La idea decimonónica
del museo era la de un sancta sanctorum al que solo había de permitirse acceder
a aquellos iniciados en los misterios que demostraran un discernimiento adecuado
de los prodigios ocultos que allí les iban a ser revelados.
La fuerza de las cosas
(entre ellas: las nuevas tecnologías de la información ─ también de la información
visual ─, la explosión del turismo de masas, la democratización de la cultura,
el abaratamiento de las tarifas en medios de transporte antes prohibitivos) ha
cambiado de arriba abajo la relación entre museo y visitante. Antes el museo
era una imagen de marca prestigiosa, gestionada por los ministerios de Cultura correspondientes
y que se ufanaba de una clientela selecta y exclusiva. Ahora el museo multiplica las
exposiciones y muestras temporales, acude a la propaganda de los medios y
programa grandes “revistas” de su material con el objeto de que el visitante no
solo franquee sus puertas una vez en la vida, como antaño los musulmanes en la
Meca o los jóvenes ingleses y alemanes de clase alta en su Gran Viaje a la cuna de la antigüedad clásica; sino
que asista repetidamente a unas salas capaces de proporcionarle incentivos y
estímulos renovados.
Porque «el público
es actualmente una pieza principal de los museos, sobre la cual gira todo. Sin
público, no existirían.»
Lo dice tal cual Rut
de las Heras en un bonito artículo en elpais, con motivo del Día internacional
de los museos. En consecuencia, conocer mejor al visitante y saber qué es lo
que lo motiva, forma parte de la estrategia de interacción del museo con el
entorno en el que se ubica. En particular con la ciudad.
En el mismo sentido
leí no hace mucho una entrevista conjunta a los directores de los cuatro museos
más importantes de Barcelona. Ellos iban más allá, incluso. Lo que favorece a
una institución, decían, favorece también a todas las demás. Y no solo eso,
sino que repercute de forma positiva en el flujo de turistas, en la
prolongación de las estancias, en el consumo.
Los museos viven al
ritmo de las ciudades, y evolucionan al ritmo de sus visitantes. Es muy arduo
sacar conclusiones acerca del provecho inmaterial que cada cual extrae de una
visita al museo; pero es un hecho que las personas en general, la gente común,
siente un interés mucho mayor que antes por lo que un museo pueda ofrecerle.
Hay categorías
diferentes, en ese interés colectivo. Por supuesto. Atiendan al retrato robot
del visitante de museo que, en virtud de parámetros aún no definidos del todo
con la deseable exigencia cuantitativa, apunta Rut de las Heras: mujer,
asalariada, con formación universitaria, de mediana edad y que no va en grupo
organizado.
De acuerdo, ellas marcan la tendencia pero no
menosprecien al resto, porque el resto es un mogollón de gente que va al museo
por razones muy variadas, y espera de él una satisfacción proporcionada a su
apetito de cultura.
Hace no mucho tiempo, leí en Público un texto bastante
infame en el que se reseñaban los comentarios en tripadvisor o similar de
visitantes de museos, para reírse de su incultura. Me llamó en particular la
atención el comentario de una pareja de visitantes españoles que decían que la
visita a los Uffizi de Florencia había sido el tiempo y el dinero perdido más
lamentable del forfait turístico al que se habían apuntado. Cola kilométrica
para empezar. La posibilidad ofrecida y aceptada de que les colaran por una
puerta lateral con un sobrecoste sobre la entrada. Falta de audioguías con una
información adecuada. Ninguna indicación de recorrido, de modo que se
vagabundeaba al azar por salas abarrotadas de pinturas hasta el techo.
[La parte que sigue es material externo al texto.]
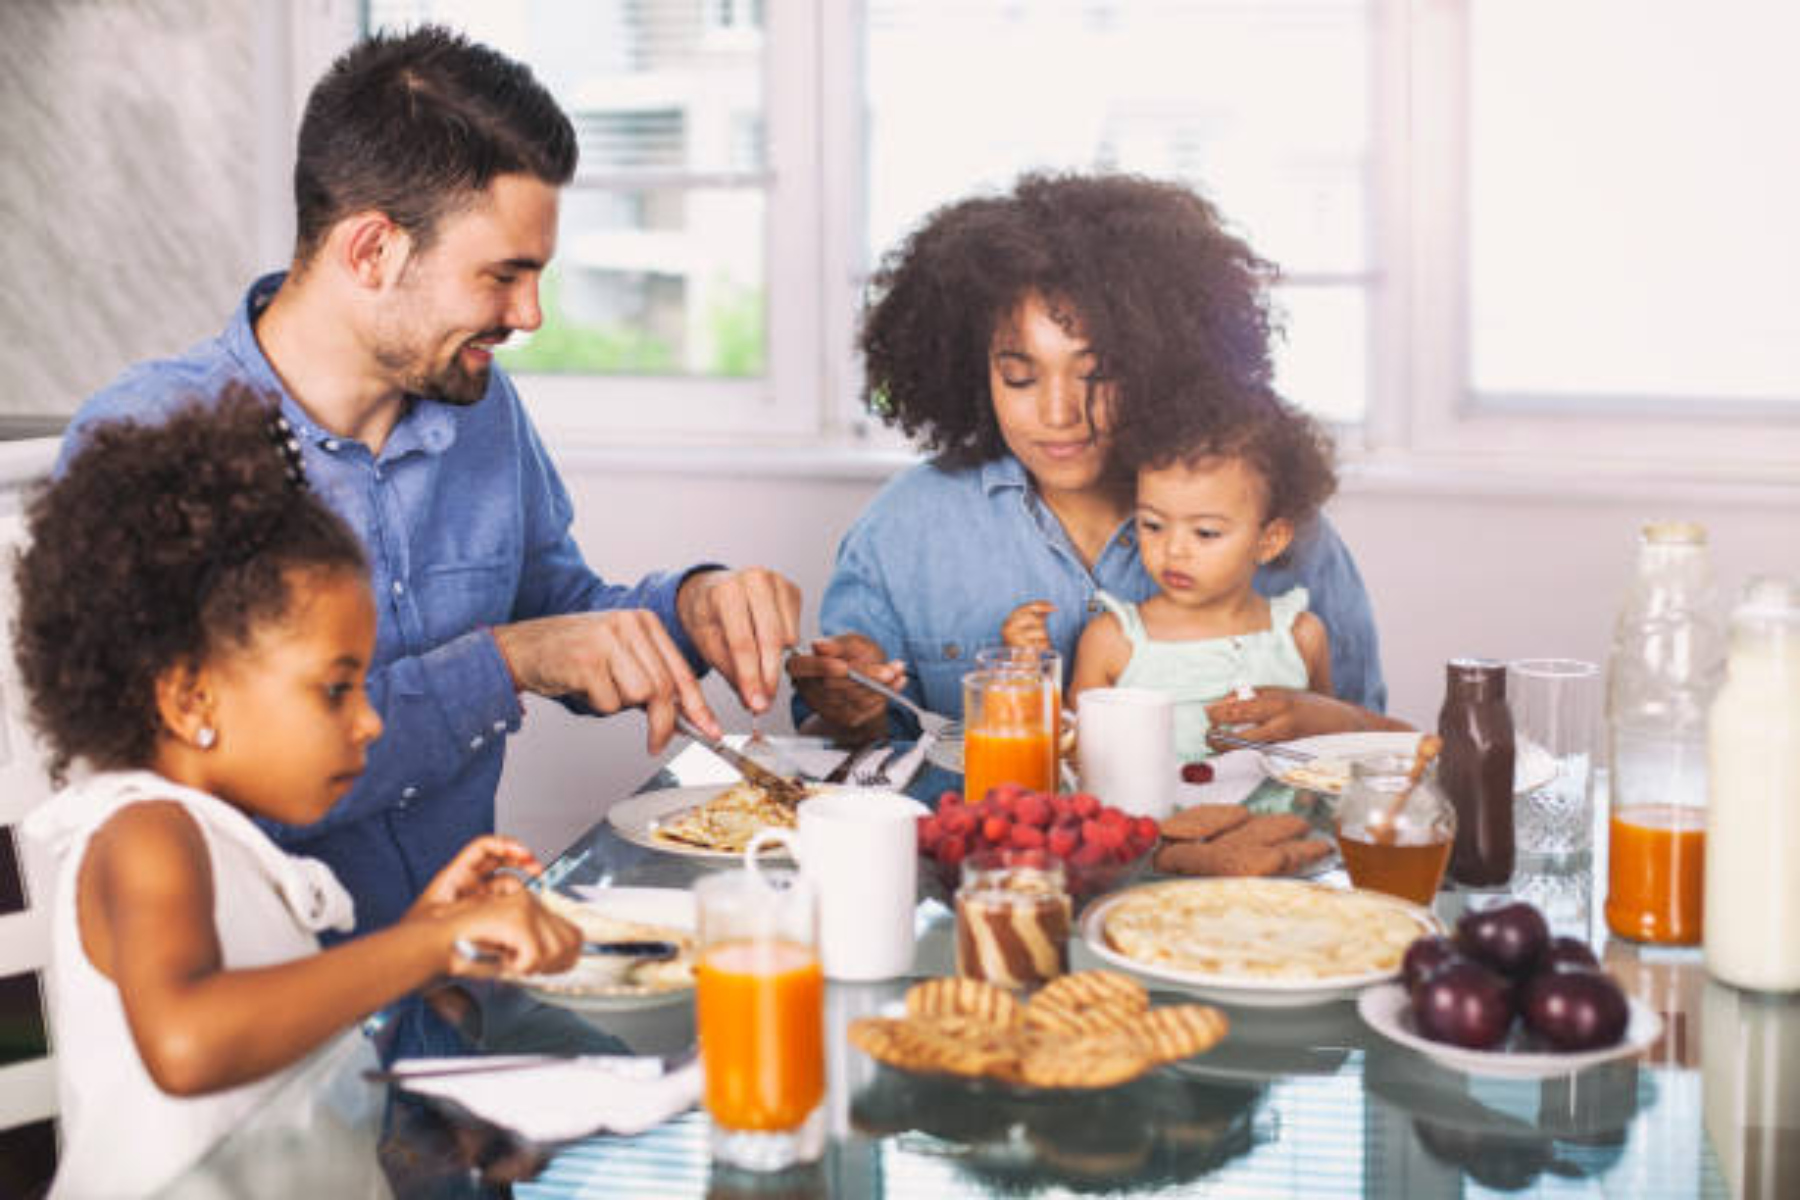 Πρωινό: Απολαύστε ένα υπερπολυτελές σπιτικό πρωινό με την οικογένειά σας!

Desconocimiento de lo que veían y de cómo valorarlo (decían, cito de memoria,
que no vieron de maestros reconocibles más que dos cuadros de Botticelli ─uno
la Primavera, el otro no identificado─, dos de Goya y uno de Velázquez). Y
cuando se sentaron en la cafetería para un descanso en la fatigosa visita, les
cobraron cinco euros por un pedazo minúsculo de tarta.
Más que reírme de los turistas sometidos a aquella
tortura nada refinada (a mí me recordó mi visita a los Museos Vaticanos de
Roma, donde me sentí aborregado y maltratado), me pareció que a los gestores y
responsables de los Uffizi tendría que caérseles la cara de vergüenza. Porque
nadie es responsable del nivel de cultura que tiene o deja de tener; pero quien
hace un esfuerzo por avanzar por ese camino, merece que las instituciones
adecuadas le faciliten las cosas mediante una apertura de conceptos y una
gestión de las cosas dignas del siglo en el que vivimos y de los medios
fabulosos que todos tenemos a nuestra disposición para mejorar.
Cosa que por fortuna se está haciendo ya, con buenos
resultados, en muchos museos de nuestro entorno.